Reference! The progression of MSA is manifested by worsening symptoms of types 1–3 of multiple system atrophy. The clinic is supplemented by dementia, paralysis or paresis, inappropriate behavior, and complications of degeneration.

International Neurological Journal 5 (51) 2012

Parkinsonism is a progressive disease of the nervous system, characterized by slowness of voluntary movements, muscle rigidity, trembling (tremor) at rest, poor facial expressions, changes in gait (small steps, lack of normal swinging of the arms). The most common form of parkinsonism is idiopathic parkinsonism (or Parkinson's disease), the main distinguishing manifestations of which are rigidity, resting tremor, impaired postural reflexes, asymmetry of onset, good response to levodopa, cell death of the substantia nigra and the presence of Lewy bodies [1, 2]. But there are several other primary neurodegenerative diseases with damage to the extrapyramidal system, in which parkinsonism syndrome (Table 1) may be one of the main or additional manifestations [5, 7, 8].

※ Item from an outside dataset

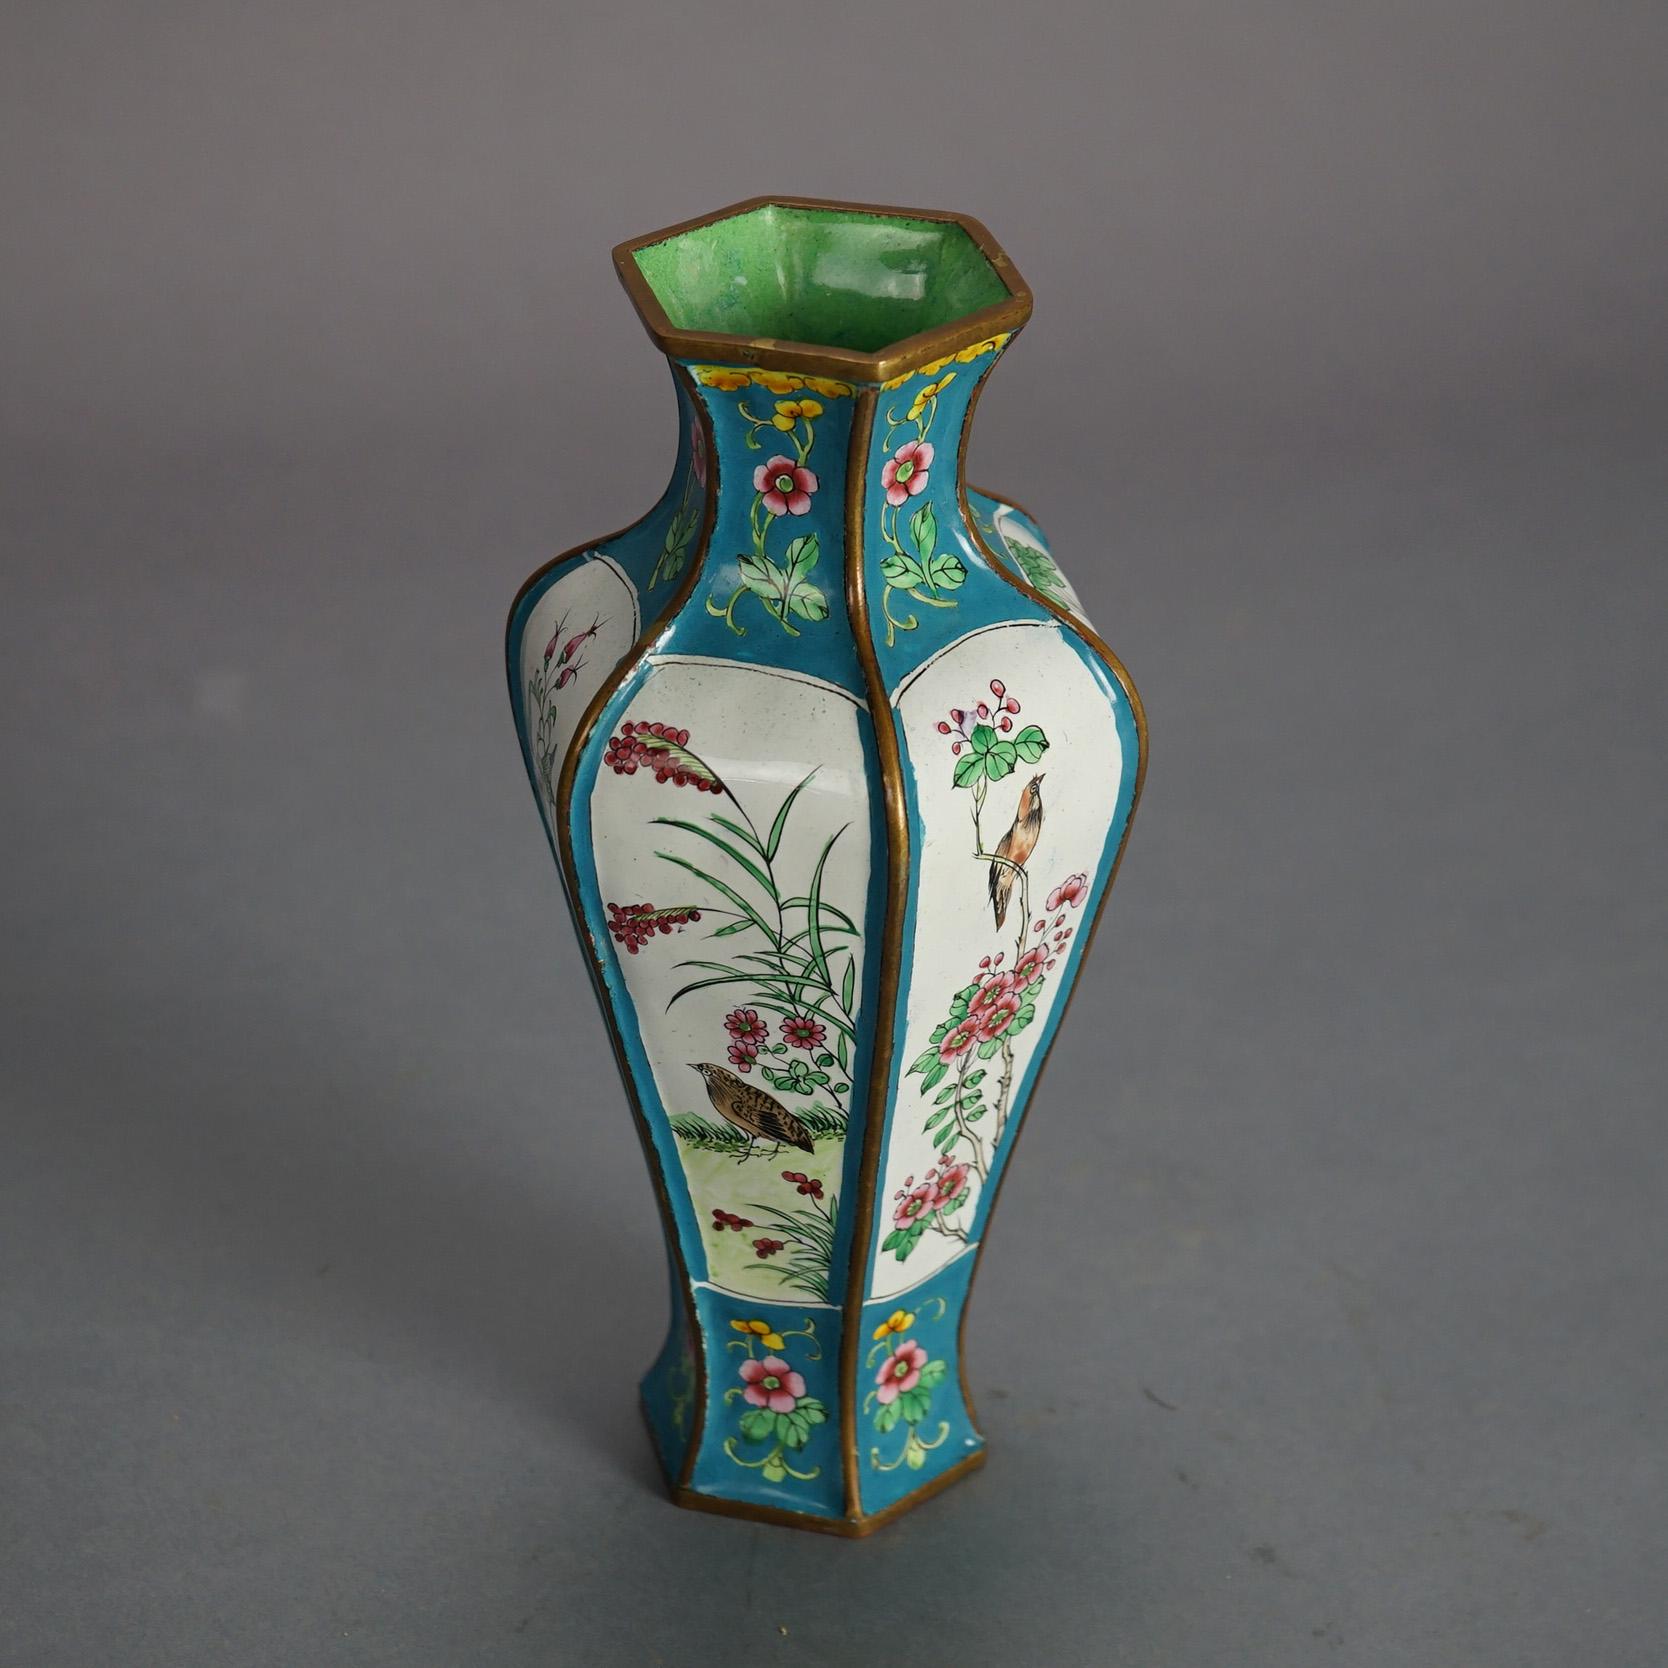 Chinesische emaillierte und polychromierte Gartenszene-Vase mit Vögeln, 20. Jahrhundert

Maße - 9

In the early stages of the disease, there are difficulties in differential diagnosis of various forms of parkinsonism. The diagnosis of various parkinsonian disorders is significantly improved by the use of special criteria, such as the system for assessing the severity of parkinsonism by L.S. Petelin et al. (1980), the Hoehn-Yahr scale (1967) as modified by Lindval et al. (1989), Tetrud, Langstone (1989), Unified Parkinson's Disease Rating Scale (Fahn, Elton, 1987), UK PD Society diagnostic criteria for Parkinson's disease (Gibb, Lees, 1988), diagnostic criteria for multiple system atrophy (Gilman et al., 1998 ), criteria for the diagnosis of progressive supranuclear palsy (NINDSSPSR criteria Litvan et al., 1996), clinical neuroimaging criteria for the diagnosis of vascular parkinsonism (Levin O.S., 1997), criteria for the diagnosis of essential tremor (Elble, 2000), criteria for the diagnosis of Tourette's syndrome (The Tourette Syndrome Classification Study Group, 1993) and others [8–10].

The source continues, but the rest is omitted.